**WHAT TO WORK ON:**
When you reproduce the entries below, keep each one exact and drop any pictures.

(Items listed in a dataset)
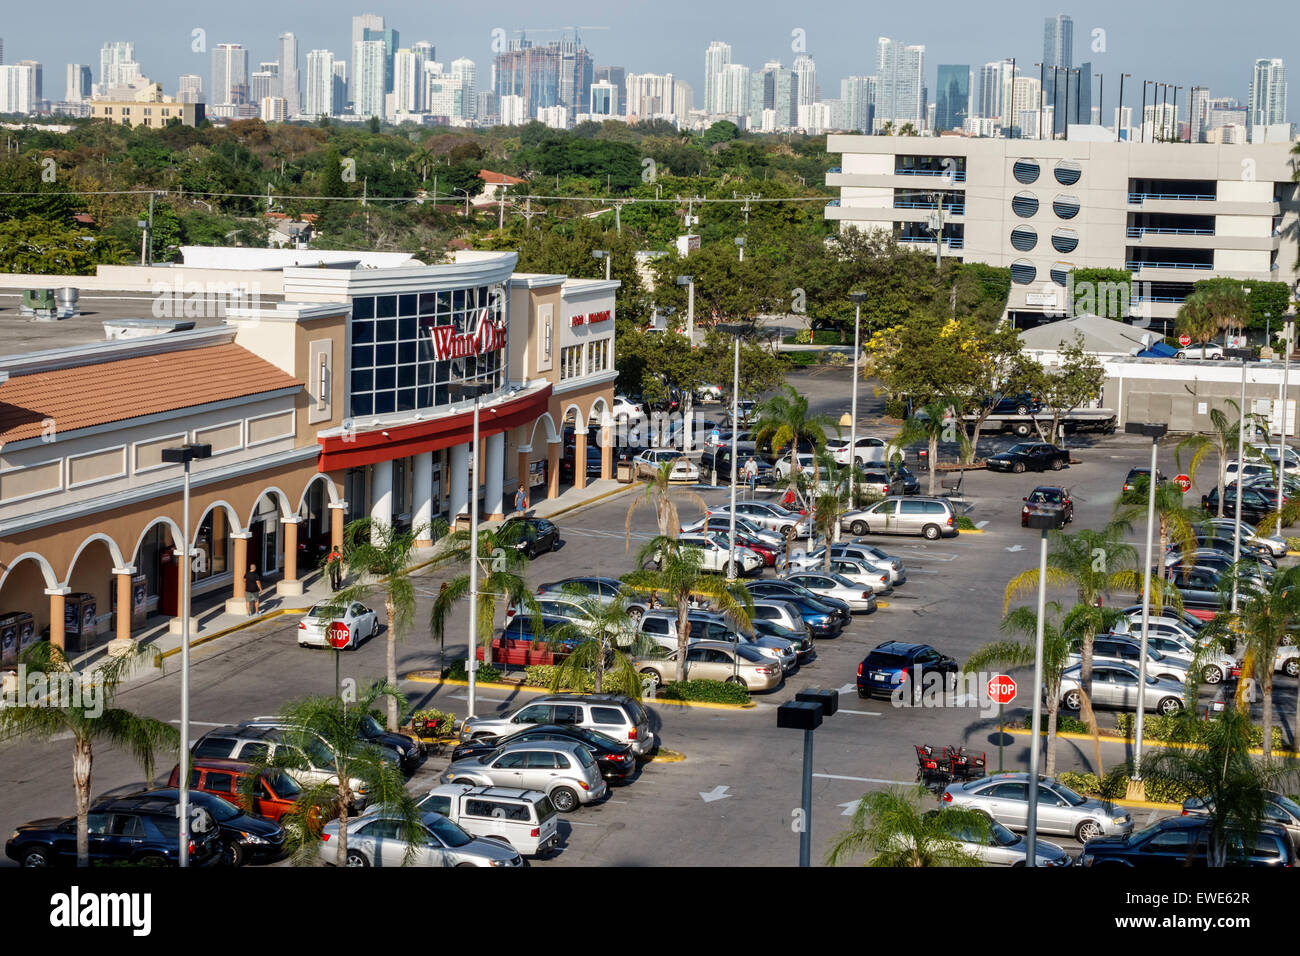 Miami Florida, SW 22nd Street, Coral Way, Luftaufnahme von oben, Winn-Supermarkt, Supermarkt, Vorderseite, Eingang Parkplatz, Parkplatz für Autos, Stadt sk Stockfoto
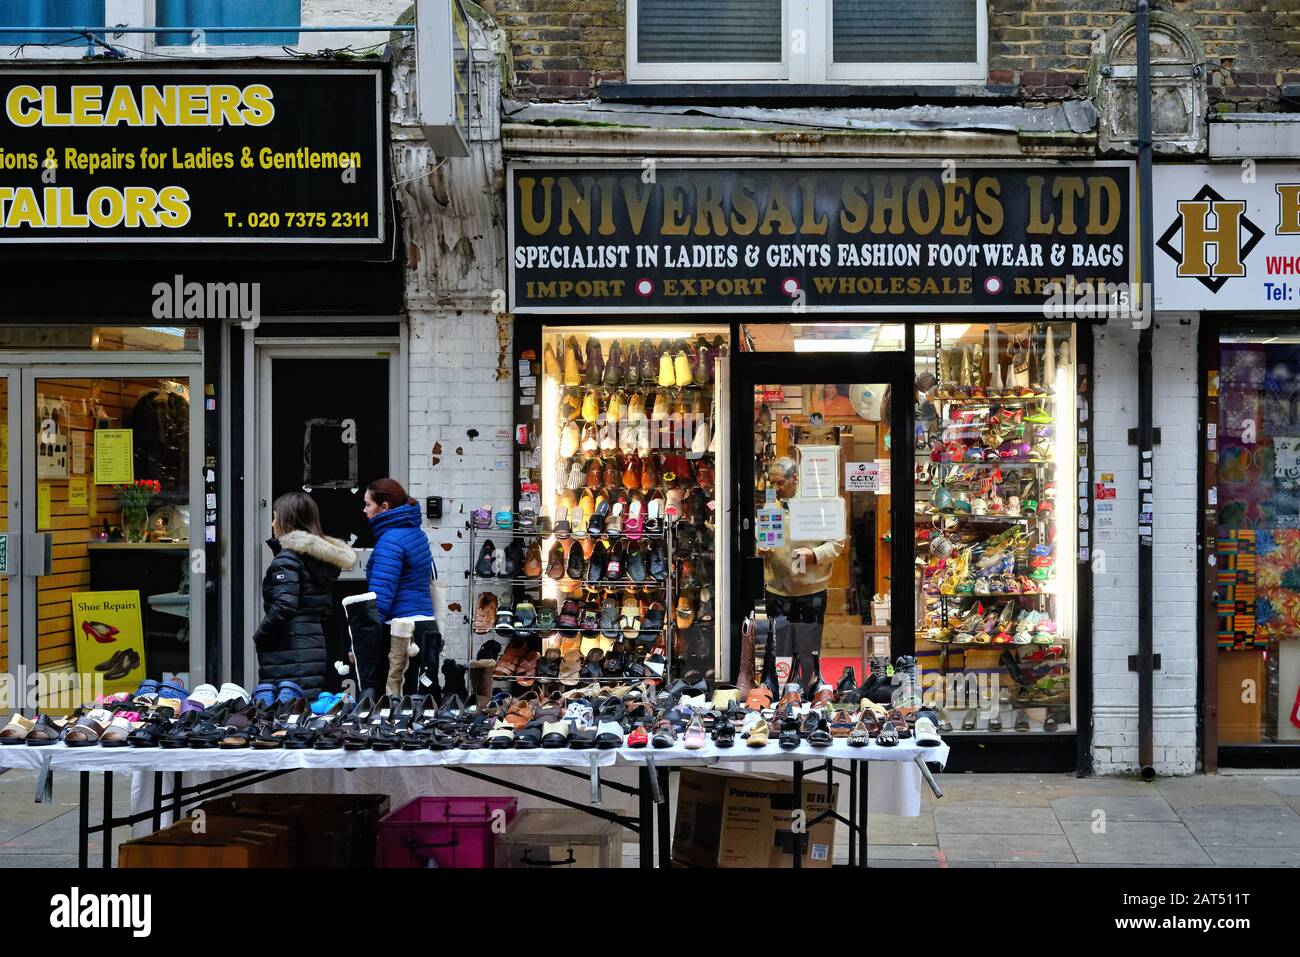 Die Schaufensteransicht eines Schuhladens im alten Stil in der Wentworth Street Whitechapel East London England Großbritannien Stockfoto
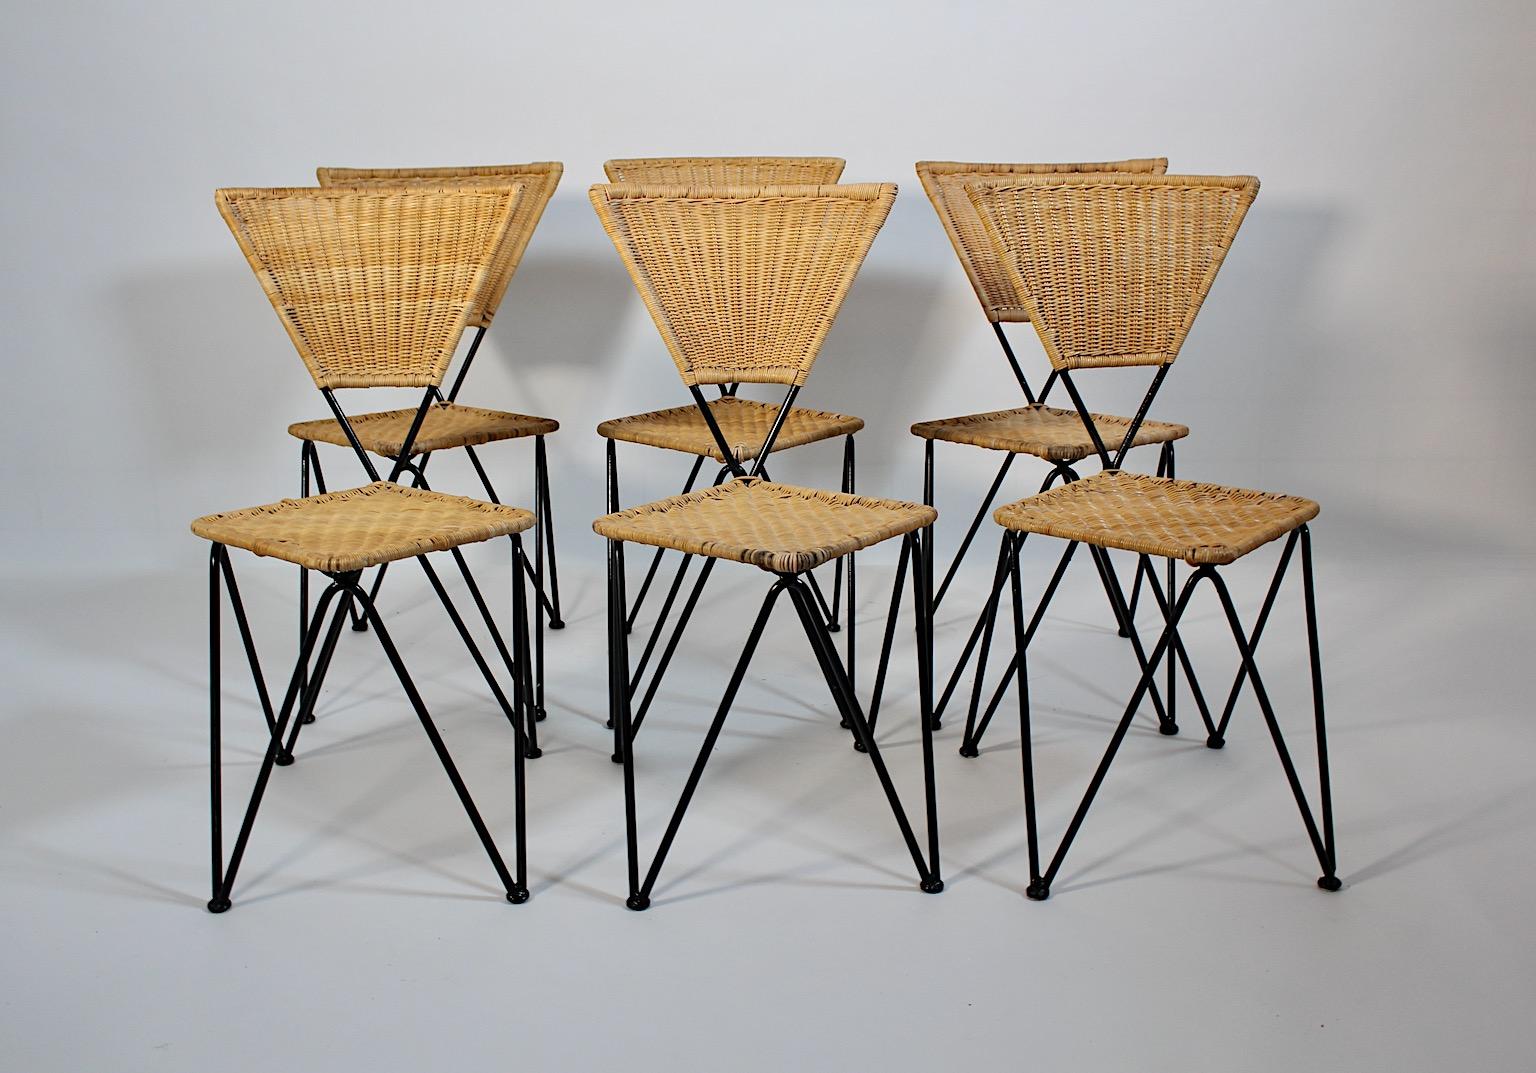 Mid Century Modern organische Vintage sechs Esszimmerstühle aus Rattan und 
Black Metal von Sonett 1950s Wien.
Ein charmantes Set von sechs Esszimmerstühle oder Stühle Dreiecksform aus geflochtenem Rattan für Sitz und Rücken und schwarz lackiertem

**YOUR SOLUTION:**
 Miami Florida, SW 22nd Street, Coral Way, Luftaufnahme von oben, Winn-Supermarkt, Supermarkt, Vorderseite, Eingang Parkplatz, Parkplatz für Autos, Stadt sk Stockfoto
 Die Schaufensteransicht eines Schuhladens im alten Stil in der Wentworth Street Whitechapel East London England Großbritannien Stockfoto
 Mid Century Modern organische Vintage sechs Esszimmerstühle aus Rattan und 
Black Metal von Sonett 1950s Wien.
Ein charmantes Set von sechs Esszimmerstühle oder Stühle Dreiecksform aus geflochtenem Rattan für Sitz und Rücken und schwarz lackiertem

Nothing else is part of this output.